Developing a healthy eating habit requires eating according to your plan, avoiding impulse eating, changing to healthy snacking, and managing your hunger. However, it’s not always easy to identify the difference between hunger, desire and cravings. As humans, we tend to mistake craving for hunger. We might have difficulty distinguishing the two because our moods and emotions sometimes cloud our rational thinking. It is important for us to learn the differences between them to prevent eating excess foods and sabotaging our health.
What is hunger?
Hunger is your body’s signal that it needs fuel (food = energy).
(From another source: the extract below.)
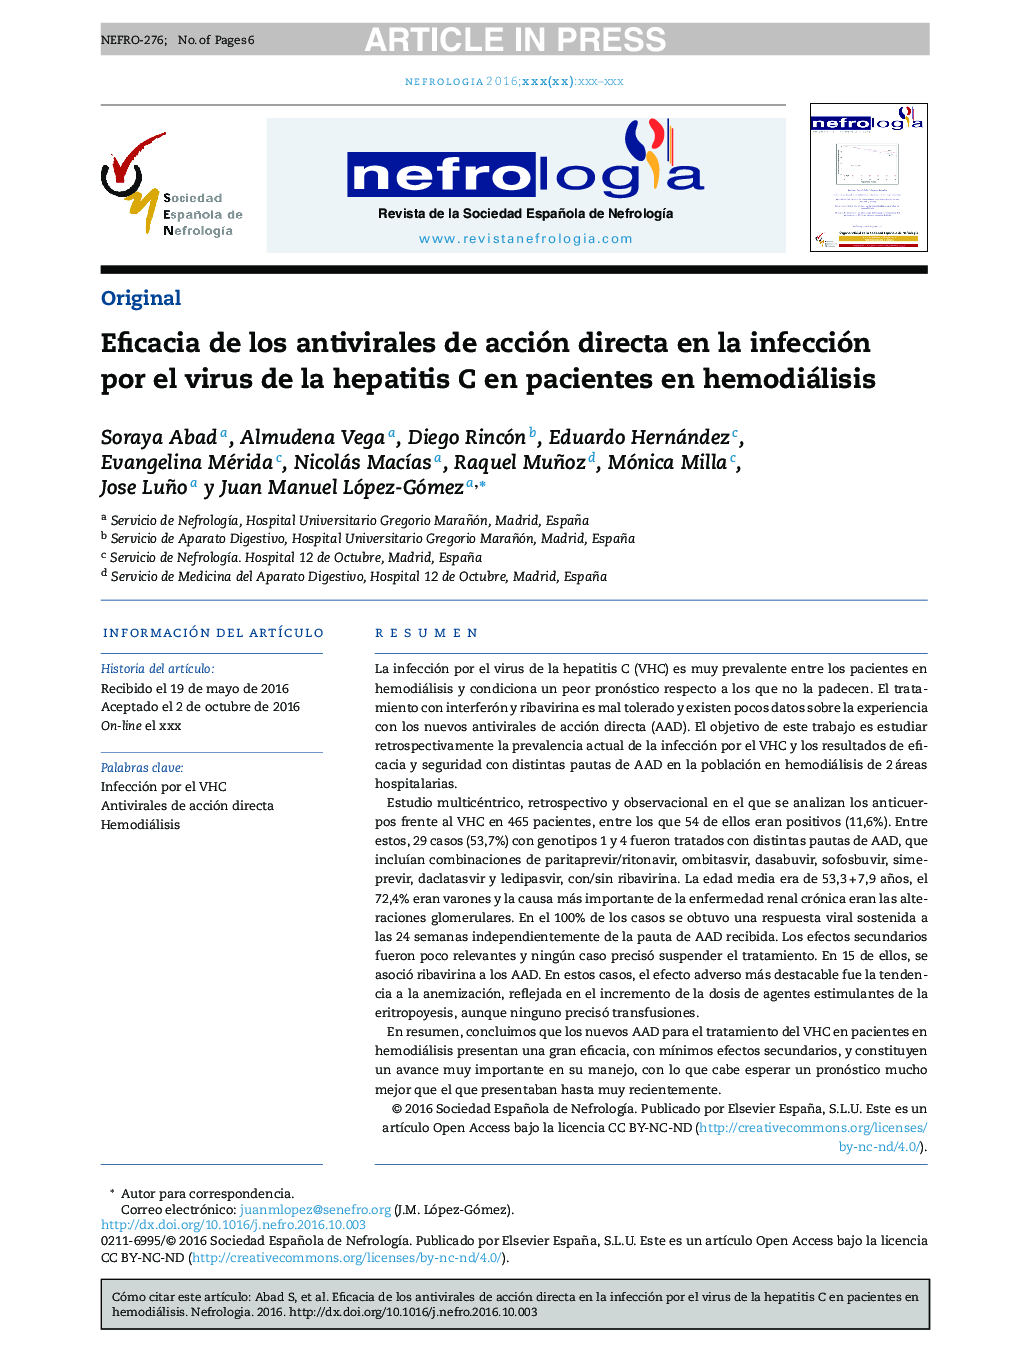 Eficacia de los antivirales de acción directa en la infección por el virus de la hepatitis C en pacientes en hemodiálisis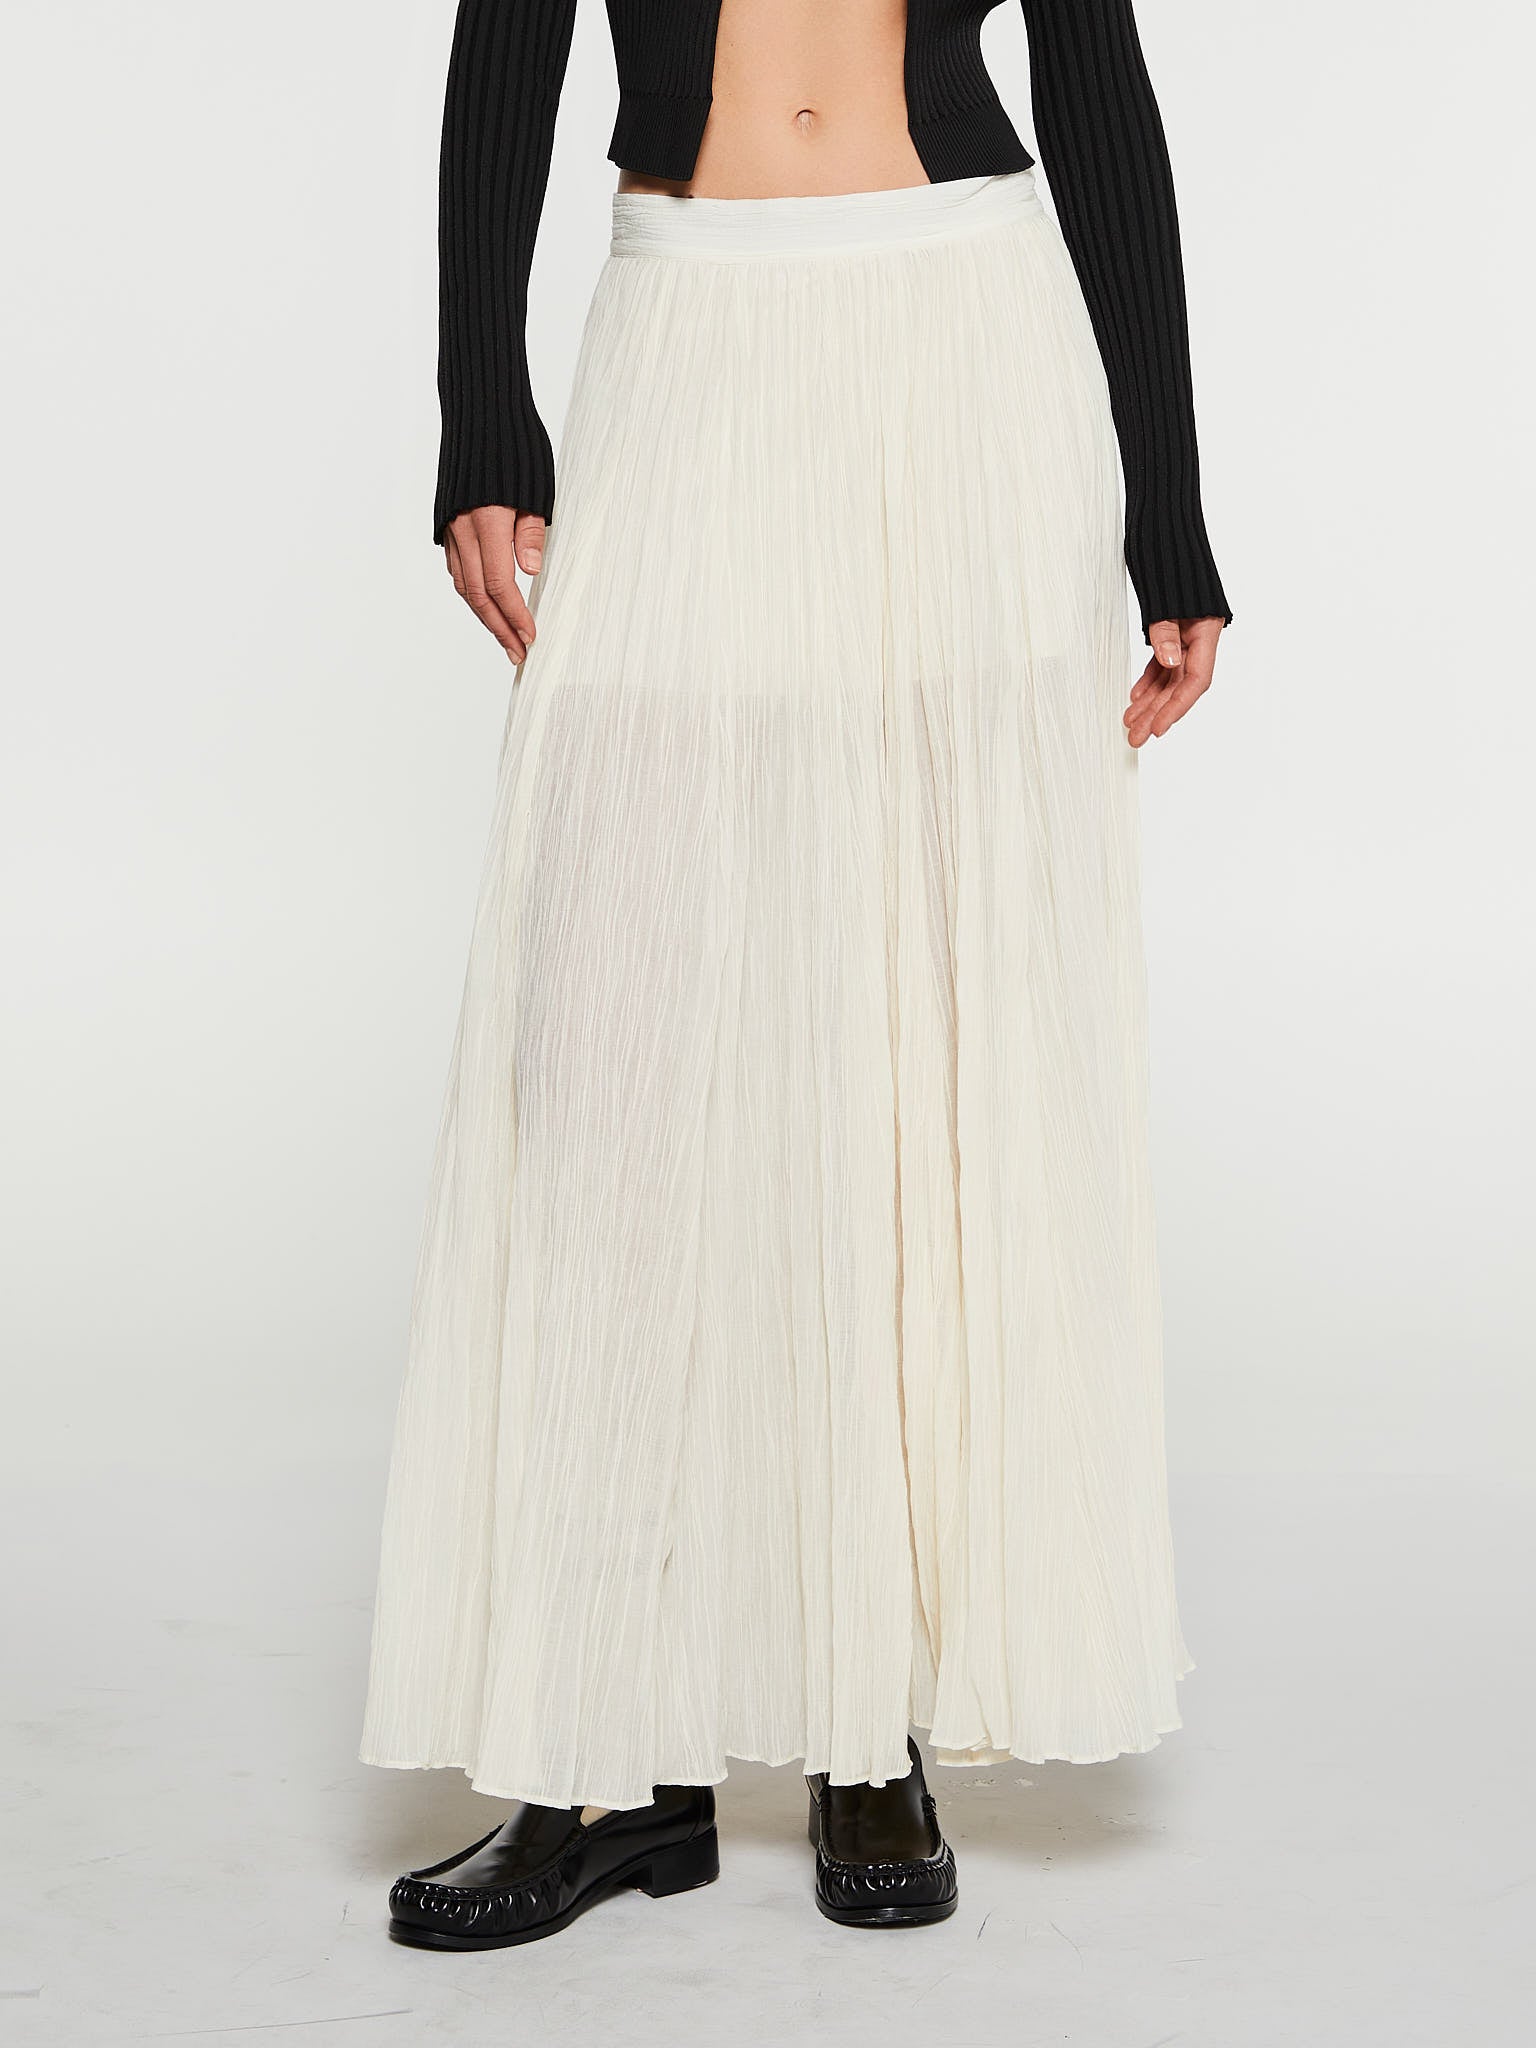 Crinckled Plissé Skirt in White

Hunger is a basic survival instinct, and eating any healthy snack or meal can satisfy your hunger. While we must address our body’s signals, normal hunger is not an emergency. Habits like skipping meals usually tend to trigger people to overeat. Therefore, try eating smaller and more frequent healthy meals to avoid feeling too hungry for too long. To handle hunger, it is important to examine and understand what feelings arise when you feel hungry.
It is hunger if you are experiencing stomach growling, headaches, difficulty concentrating, or dizziness that intensifies over time and will only go away when you eat food. You can also try drinking water and see if you’re still hungry in 10 minutes. It is a craving if your body signals you to eat something but not any particular type of food.
What about cravings?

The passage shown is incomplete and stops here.